Students travel to the Dominican Republic to study higher education
Eighteen graduate students in Carolina's Higher Education and Student Affairs Program returned to the University from Spring Break with more than just a tan after taking part in a study abroad experience in the Dominican Republic.
The students observed the Dominican Republic's higher education system, its policies, and practices, by participating in meetings and lectures with host university faculty and students.
The intent of the experience was to develop a basic understanding of societal issues in the host community while comparing and contrasting the Dominican culture with American culture.
"When students go to another country they see how another system of higher education operates and they come back and look at their own system with a newer perspective, realizing that as good as it may be, there are perhaps things that could be different," said Christian Anderson, the assistant professor of higher education and student affairs who accompanied the students on their Dominican Republic experience.
"They also understand how much culture affects higher education and that it doesn't exist in a vacuum."
An additional benefit of the trip, said study abroad advisor Sarah Langston, is that it allowed students to develop a better understanding of their own country's culture and how it relates internationally to the world.

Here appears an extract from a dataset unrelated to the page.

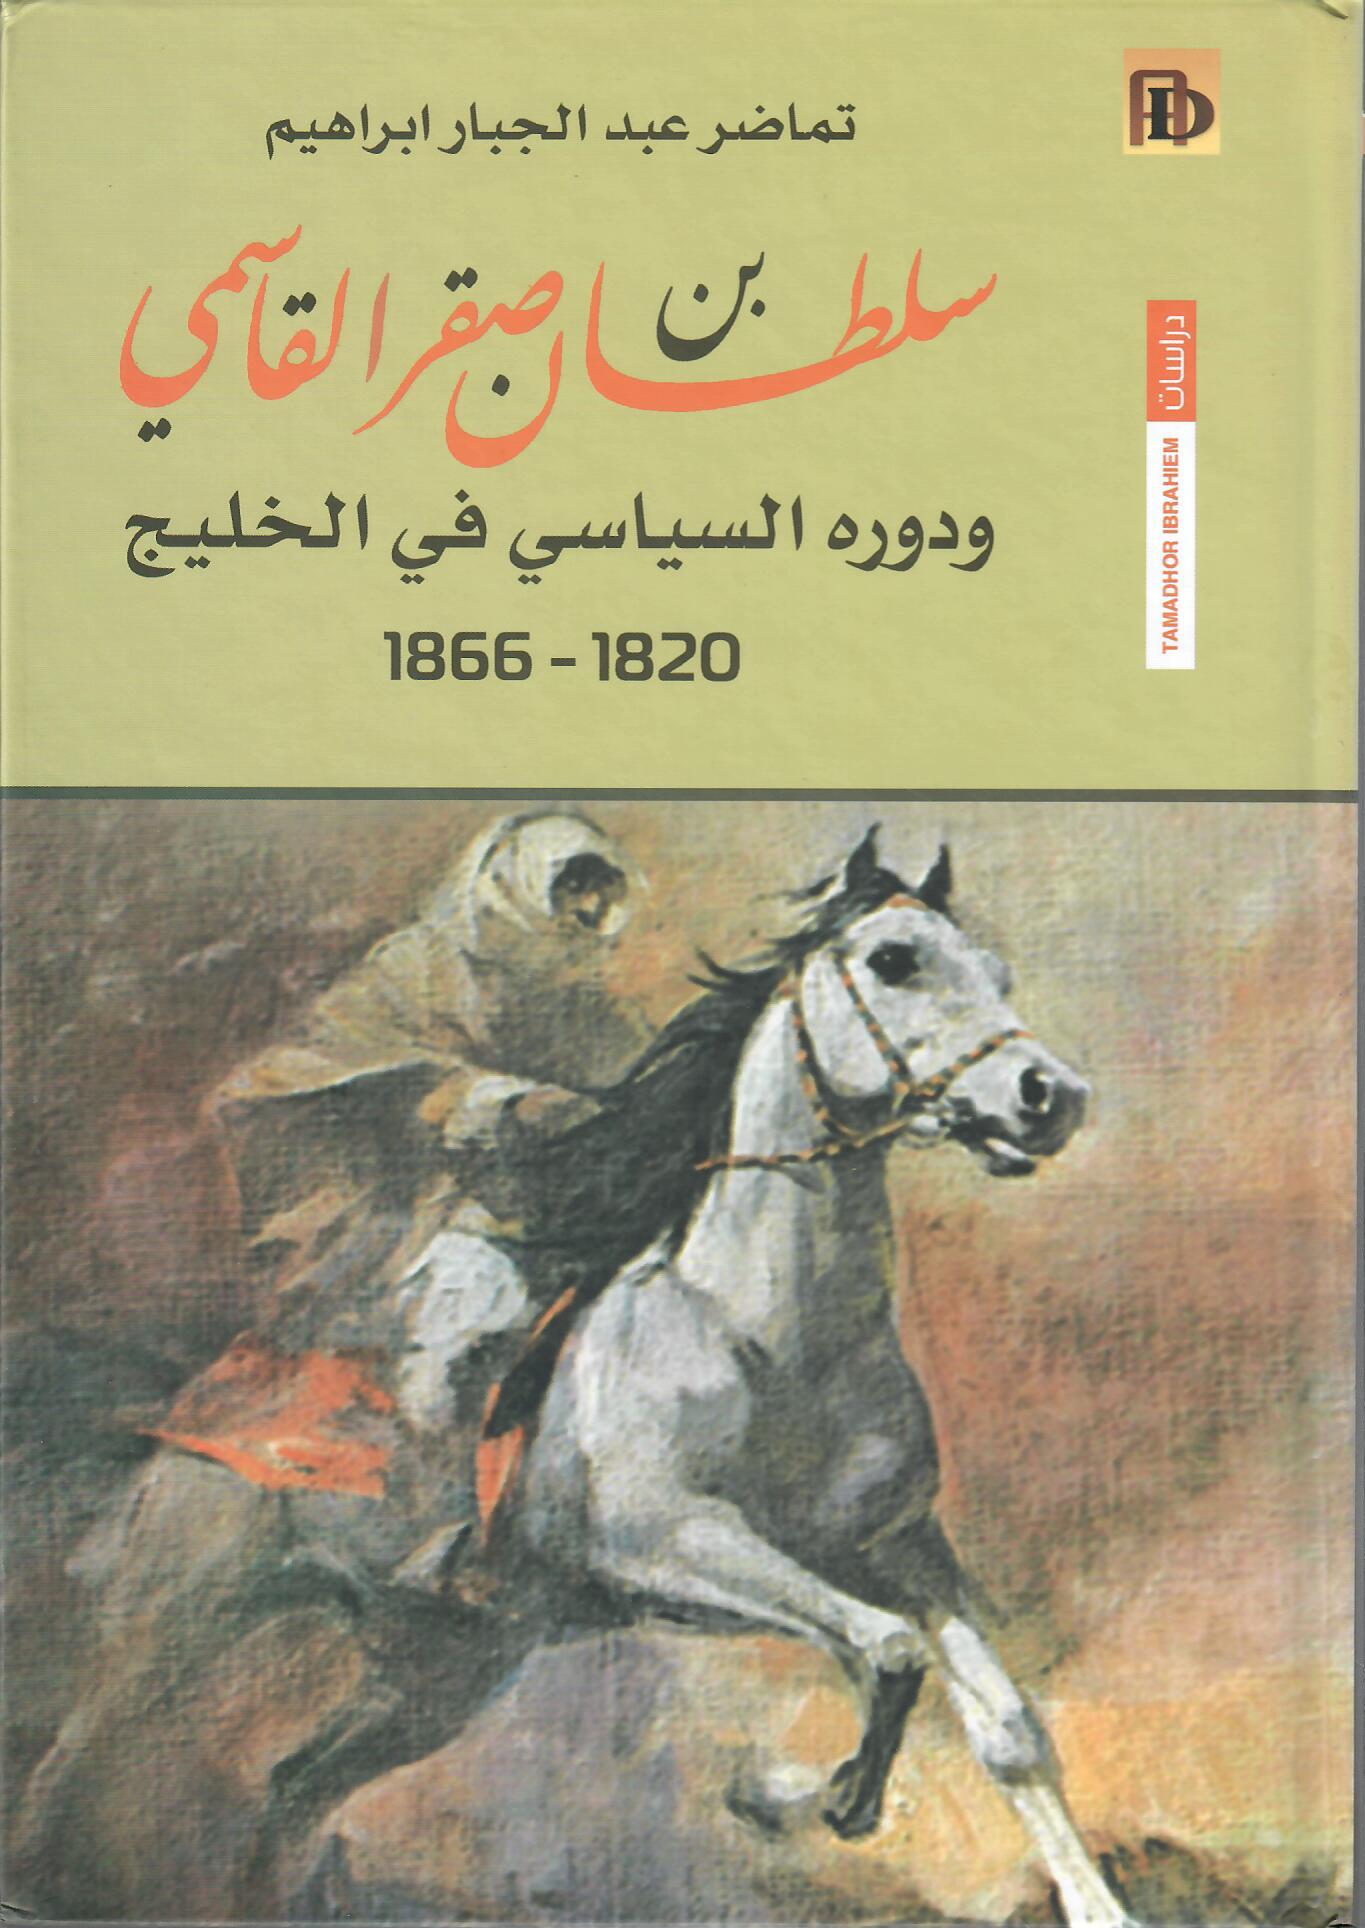 سلطان بن صقر القاسمي ودوره السياسي في الخليج 1820 - 1866

"Students also learn adaptability and flexibility," said Langston, adding that an advantage of conducting a study abroad experience in the Dominican Republic is that it is close and affordable. "We didn't want to travel too far, and Christian Anderson had contacts with university staff members and faculty there that facilitated the trip."
Students visited local universities for lectures and meetings, including the Instituto Tecnológico de Santo Domingo (INTEC), Pontificia Universidad Católica Madre y Maestra (Santo Domingo and Santiago campuses) and the Autonomous University of Santo Domingo.
Students also met with the minister and vice minister of education, Ligia Amada Melo de Cardona, and Rafael González, respectively, and went on excursions and tours to historic sites around Santo Domingo and the Dominican Republic, including the site of the first university in the Americas.
While abroad, each student worked individually on a project related to higher education in the Dominican Republic. Topics included its history, student mobility, government policy, faculty issues, finances, and student life.
Students had the opportunity to meet in groups and individually with faculty members, administrators, government officials, students, or others with whom they could discuss their projects.
Carolina offers a multitude of study abroad experiences for its students, said Langston, noting that another USC student group from the School of Hotel, Restaurant, and Tourism Management also visited the Dominican Republic during Spring Break.
During the Maymester and summer, Carolina students will take part in USC-sponsored study abroad programs in Tanzania, Costa Rica, Germany, Poland, Hungary, the Czech Republic, France, Italy, Spain, Mexico, England, Ecuador, Germany, and Taiwan.